Reining in Wall Street
I am — how to put this delicately? — skeptical of Congress's ability to stand up to the world-spanning tentacles of the finance lobby and actually enact serious banking reform. Thanks to the lobby, the simplest, most robust ways of reforming Wall Street were never even on the table in the first place, and the reform bills now grinding their way through
Congress are already complex enough that most bankers will have little trouble eventually figuring out a way to worm their way around them.

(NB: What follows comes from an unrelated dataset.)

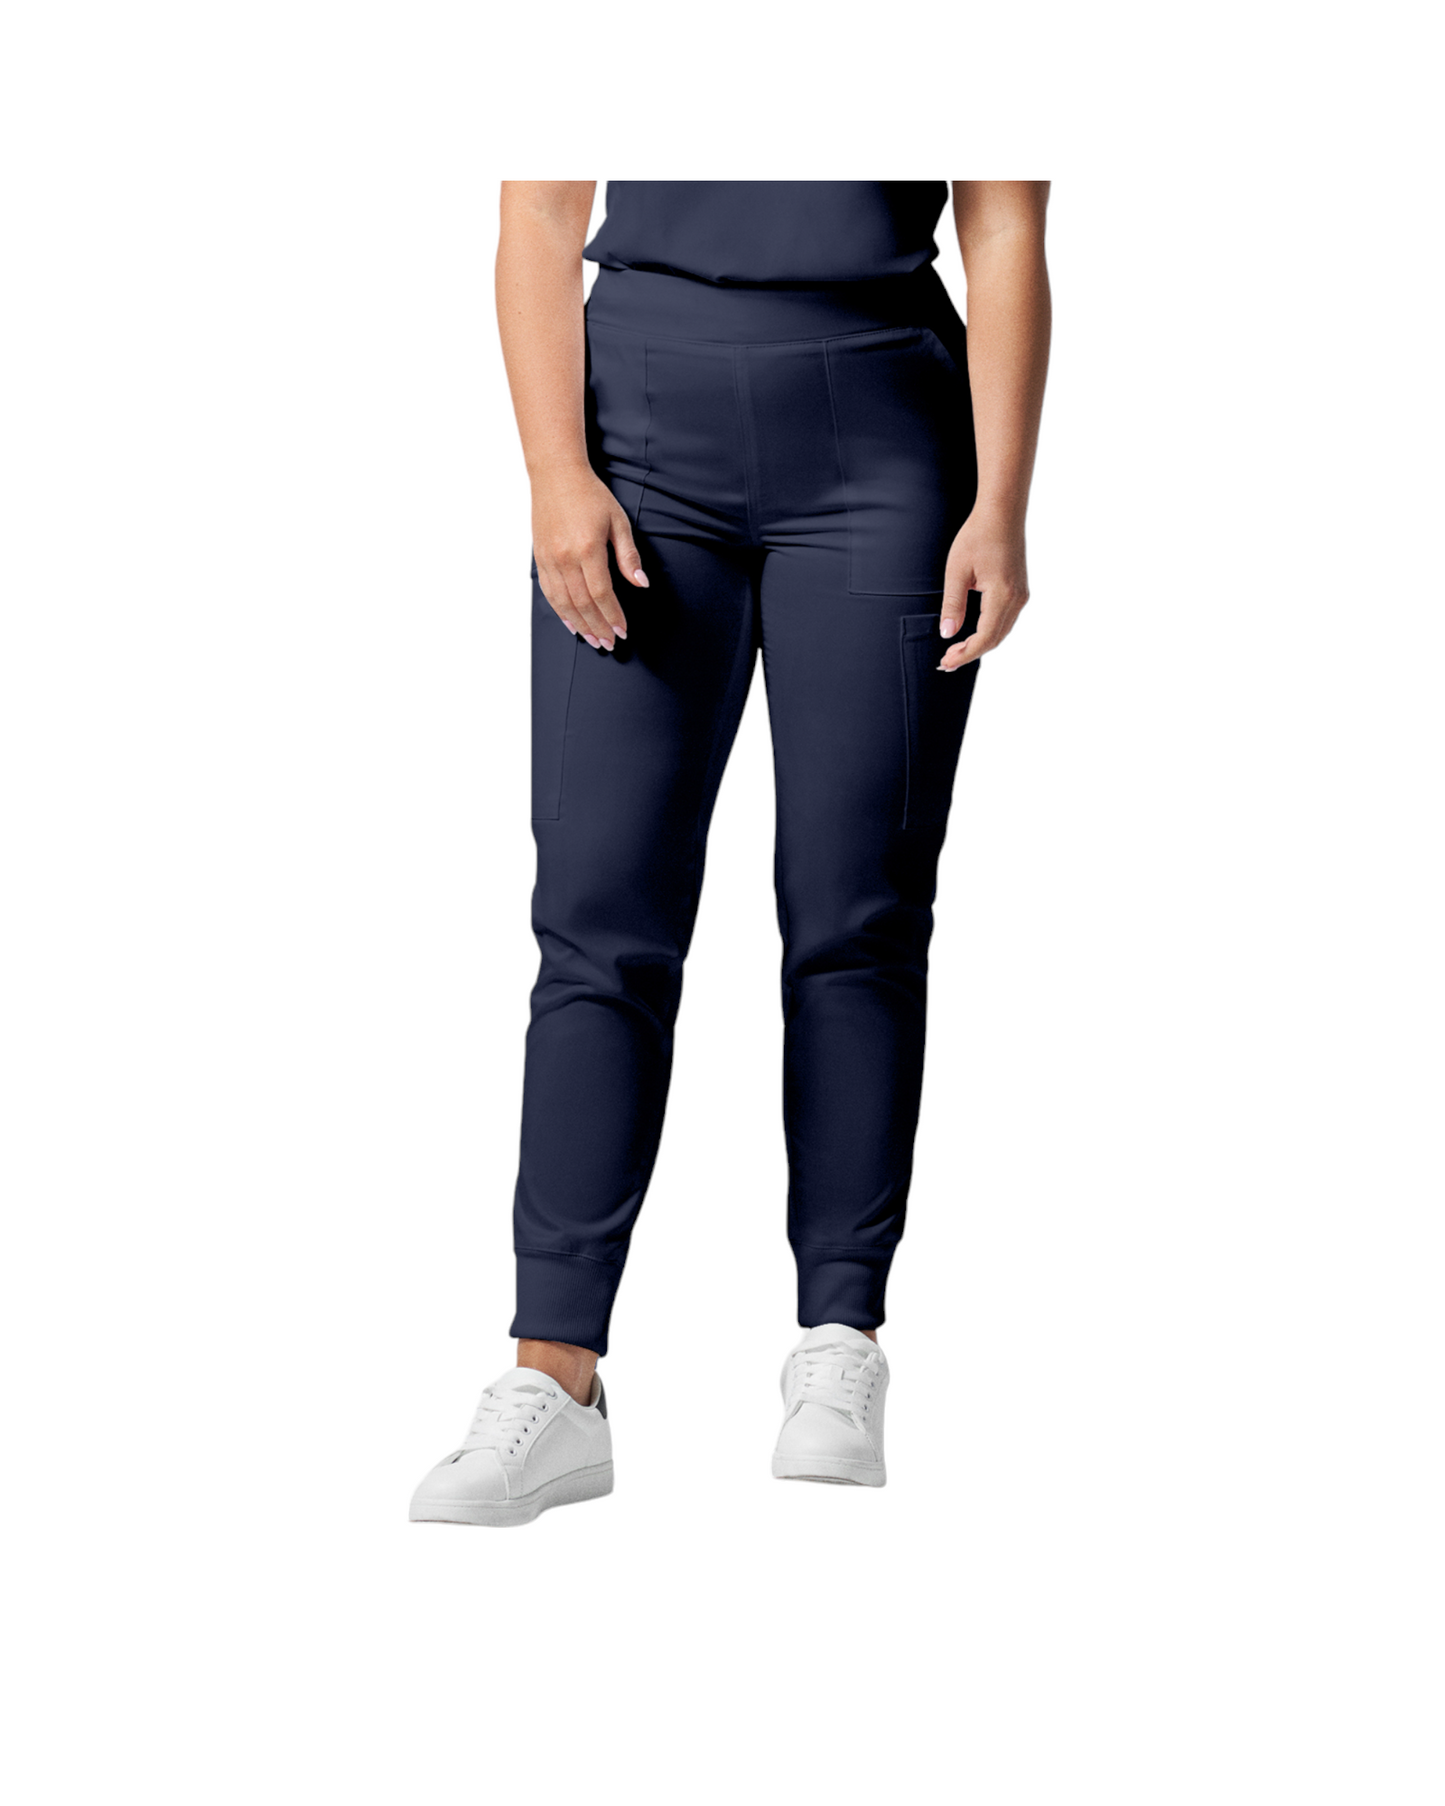 Pantalon de style jogger 6 poches pour femmes Landau Proflex #LB406-OS couleur Marine

But Noam Scheiber reports today that maybe the lobby is about to lose a battle. Barney Frank's draft legislation to force all derivatives to be traded on a public exchange originally included an exemption for "end users" — that is, ordinary corporations that simply want to hedge the price of oil or pork bellies or whatnot:
But independent experts who studied the measure came to a different conclusion: that it could exempt between 60 and 80 percent of the standardized market because of its vague wording, including many firms who were speculating rather than simply hedging risk....Which, as it happens, was precisely the idea. Though the end users arguably had a legitimate gripe, the banks had long viewed them as a means to deflect additional regulation. “The original plan on derivatives was basically pushed by the industry,” says one bank lobbyist. “What they wanted was, ‘Hey, let’s get the dopey end users to go out and be the face of reform. We don’t have the credibility.'” This lobbyist says the banks helped organize a group called the Coalition for Derivatives End Users, which weighed in with Congress in favor of a robust end-user exemption.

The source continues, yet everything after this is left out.